Saved data entries ▸
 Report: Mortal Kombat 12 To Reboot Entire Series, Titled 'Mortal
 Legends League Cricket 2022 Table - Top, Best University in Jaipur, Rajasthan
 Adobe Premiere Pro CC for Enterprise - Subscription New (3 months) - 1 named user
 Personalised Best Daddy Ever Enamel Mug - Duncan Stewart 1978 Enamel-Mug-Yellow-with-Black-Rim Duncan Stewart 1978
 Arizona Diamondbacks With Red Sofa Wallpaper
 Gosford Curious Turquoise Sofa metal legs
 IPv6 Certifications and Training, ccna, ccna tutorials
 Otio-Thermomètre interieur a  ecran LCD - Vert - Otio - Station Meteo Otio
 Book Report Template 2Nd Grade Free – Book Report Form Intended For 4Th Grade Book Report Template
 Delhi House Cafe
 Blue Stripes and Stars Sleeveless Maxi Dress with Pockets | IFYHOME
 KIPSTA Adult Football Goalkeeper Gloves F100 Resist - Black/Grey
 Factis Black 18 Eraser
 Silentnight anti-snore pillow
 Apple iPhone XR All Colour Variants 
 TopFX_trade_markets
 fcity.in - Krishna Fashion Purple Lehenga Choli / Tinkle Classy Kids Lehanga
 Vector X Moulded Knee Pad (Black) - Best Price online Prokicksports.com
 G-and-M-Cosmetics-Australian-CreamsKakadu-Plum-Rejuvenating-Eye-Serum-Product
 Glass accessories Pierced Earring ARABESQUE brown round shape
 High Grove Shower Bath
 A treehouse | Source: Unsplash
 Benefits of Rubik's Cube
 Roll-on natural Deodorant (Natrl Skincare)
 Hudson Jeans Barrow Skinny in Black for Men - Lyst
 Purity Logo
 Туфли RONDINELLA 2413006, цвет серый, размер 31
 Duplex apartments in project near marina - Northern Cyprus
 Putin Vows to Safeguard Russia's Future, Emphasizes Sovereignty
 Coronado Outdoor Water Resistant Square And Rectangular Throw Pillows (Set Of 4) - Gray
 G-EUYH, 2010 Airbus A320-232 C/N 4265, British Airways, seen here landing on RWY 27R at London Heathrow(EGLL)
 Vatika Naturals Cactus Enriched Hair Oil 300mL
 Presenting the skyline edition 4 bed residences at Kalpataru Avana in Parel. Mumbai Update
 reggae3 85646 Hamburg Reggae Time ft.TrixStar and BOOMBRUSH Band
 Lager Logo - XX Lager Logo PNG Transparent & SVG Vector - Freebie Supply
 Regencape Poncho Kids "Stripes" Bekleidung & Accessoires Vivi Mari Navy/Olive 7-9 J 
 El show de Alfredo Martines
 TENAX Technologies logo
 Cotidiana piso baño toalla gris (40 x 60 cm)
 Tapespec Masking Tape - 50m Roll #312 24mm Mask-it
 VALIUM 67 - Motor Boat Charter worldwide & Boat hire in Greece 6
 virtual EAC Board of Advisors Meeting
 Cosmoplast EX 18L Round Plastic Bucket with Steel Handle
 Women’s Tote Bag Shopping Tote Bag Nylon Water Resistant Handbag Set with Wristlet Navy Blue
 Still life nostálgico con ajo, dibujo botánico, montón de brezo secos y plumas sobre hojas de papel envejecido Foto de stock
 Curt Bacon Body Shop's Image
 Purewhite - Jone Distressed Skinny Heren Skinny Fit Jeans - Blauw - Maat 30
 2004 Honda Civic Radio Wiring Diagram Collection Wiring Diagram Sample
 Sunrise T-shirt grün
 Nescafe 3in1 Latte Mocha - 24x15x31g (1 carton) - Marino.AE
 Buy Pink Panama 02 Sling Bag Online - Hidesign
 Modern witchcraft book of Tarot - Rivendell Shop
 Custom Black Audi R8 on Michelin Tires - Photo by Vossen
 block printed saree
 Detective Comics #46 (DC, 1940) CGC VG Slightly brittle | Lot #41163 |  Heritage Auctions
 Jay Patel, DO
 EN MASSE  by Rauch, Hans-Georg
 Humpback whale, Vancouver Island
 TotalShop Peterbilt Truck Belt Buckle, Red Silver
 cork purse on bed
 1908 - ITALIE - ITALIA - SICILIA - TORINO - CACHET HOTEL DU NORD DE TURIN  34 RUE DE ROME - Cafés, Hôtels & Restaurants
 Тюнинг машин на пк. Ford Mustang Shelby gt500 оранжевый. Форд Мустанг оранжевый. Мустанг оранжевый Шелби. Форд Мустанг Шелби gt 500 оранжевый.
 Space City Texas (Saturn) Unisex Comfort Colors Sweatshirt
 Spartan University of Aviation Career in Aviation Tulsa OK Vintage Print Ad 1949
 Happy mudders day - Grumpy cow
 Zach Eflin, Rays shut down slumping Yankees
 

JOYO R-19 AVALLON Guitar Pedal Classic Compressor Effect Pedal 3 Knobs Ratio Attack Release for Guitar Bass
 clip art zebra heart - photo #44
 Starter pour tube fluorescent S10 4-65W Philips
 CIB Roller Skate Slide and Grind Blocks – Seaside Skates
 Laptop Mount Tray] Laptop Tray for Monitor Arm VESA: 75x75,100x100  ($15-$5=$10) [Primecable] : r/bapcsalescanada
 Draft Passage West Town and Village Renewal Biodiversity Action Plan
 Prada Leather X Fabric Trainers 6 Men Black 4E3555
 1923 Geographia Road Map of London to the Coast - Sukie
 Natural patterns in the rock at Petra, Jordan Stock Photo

EXERCISE OBJECTIVE ▸ Select every line in the records above that contains the word "Report".

TASK SOLUTION ▸
 Report: Mortal Kombat 12 To Reboot Entire Series, Titled 'Mortal
 Book Report Template 2Nd Grade Free – Book Report Form Intended For 4Th Grade Book Report Template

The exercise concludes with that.